Third, and within these commitments, Wesley prioritized 1 John as the key to understanding the meaning of salvation.

Rob Wall has an excellent discussion of this in his essay “Wesley as Biblical Interpreter,” in The Cambridge Companion to John Wesley (2010). Wall writes, “Although the entire Bible has authority for Wesley, one part of this biblical whole held extra special resonance for him—the first epistle of John. This epistle was his canon within canon” (p. 117). Wall explores the evidence for this in an extended discussion of Wesley’s use of 1 John (pp. 118-22).

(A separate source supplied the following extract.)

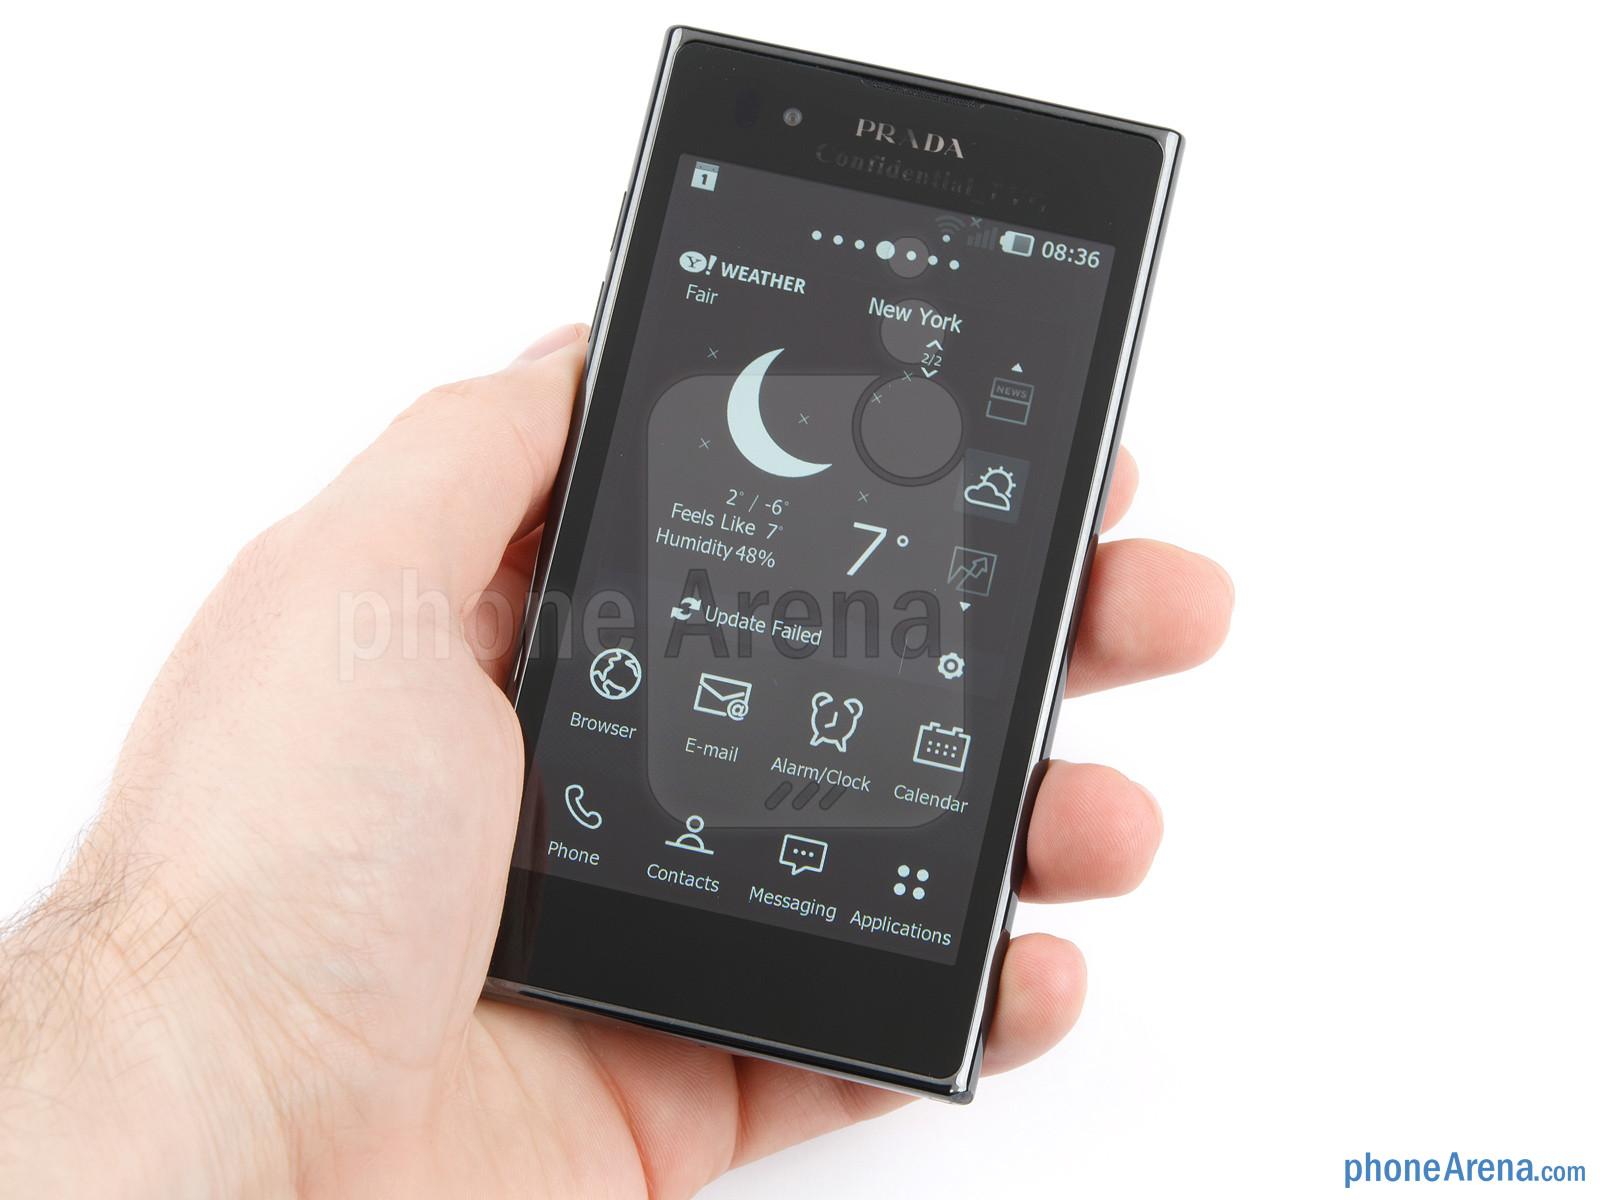 LG Prada 3 0 Review

Late in life Wesley wrote, “If the preacher would imitate any part of the oracles of God above all the rest, let it be the first epistle of John” (Wesley, Works [Abingdon Ed.], 2:357). Wesley saw 1 John as “the deepest part of Holy Scripture” and in fact as “that compendium of all the Holy Scriptures” (Works, 22:13, 352).

Within 1 John, Wesley zeroes in especially on 4:19, “We love him, because he first loved us.” Wesley says in his Explanatory Notes, “This is the sum of all religion, the genuine model of Christianity. None can say more: why should any one say less, or less intelligibly?”

Wesley makes an interesting historical-theological move. He says the Apostle John was “the last of the inspired writers” and presents the Bible’s central message “in the clearest manner” (Works, 2:116). This move combines apostolic authority with a sense of progressive revelation. Why prioritize John? Because he lived longest, knew Jesus best, and wrote with profound simplicity, Wesley implies. So the writings of John, and supremely 1 John, are the biblical capstone. Among other reasons, Wesley’s hermeneutical move here is significant because he grounds biblical theology in experience as well as reason and tradition.

Much more could be said, but my main point is simply to challenge and help undermine the misplacing of Romans as the key and capstone of the Bible.

Hermeneutical Models & Metaphors

Romans should not be seen as the key to all Scripture. Many of the church’s problems trace to this mis-prioritizing of Romans, this myopia. The glorious promise of creation liberated in Romans 8 gets misconstrued because it is severed from the larger biblical story of God’s plan for the whole earth. The result is a diminished view of salvation—thus even of God’s glory!

This misplacing of Romans is one reason (among several) why so much of the church has taught a diminished and overly spiritualized message of salvation—one that actually violates the full promise of God in Scripture and in Jesus’ incarnation, life, and resurrection.

We might ask, not irreverently: Does Romans teach anything that is not taught elsewhere in Scripture? Probably not. But Romans brings key biblical themes together and makes connections in especially powerful ways.

Romans is of course a great highpoint of Scripture. We would be much poorer without it. But we cannot understand Romans aright without Hebrews, 1 John, Revelation, James, Isaiah, Daniel, Genesis, Job—and above all, the Gospels.

It is the whole, not the parts, that is the hermeneutical key to Scripture. And how Romans shines when seen in the Bible’s full light! We see how Romans both reflects and in some areas clarifies Old Testament revelation. We see that Paul is operating out of the Old Testament-shaped Hebrew worldview, rather than Greek philosophical categories (as many seem unconsciously to assume). Paul knew Greek and Roman philosophy and worldviews, but he also knew how to correct them. This is one of the big things Romans in fact accomplishes.

Packer states, in the quotation above: “when the message of Romans get into a man’s heart there is no telling what may happen.” Yes, indeed! Especially when Romans is interpreted inductively, in the full light of biblical narrative and ecology.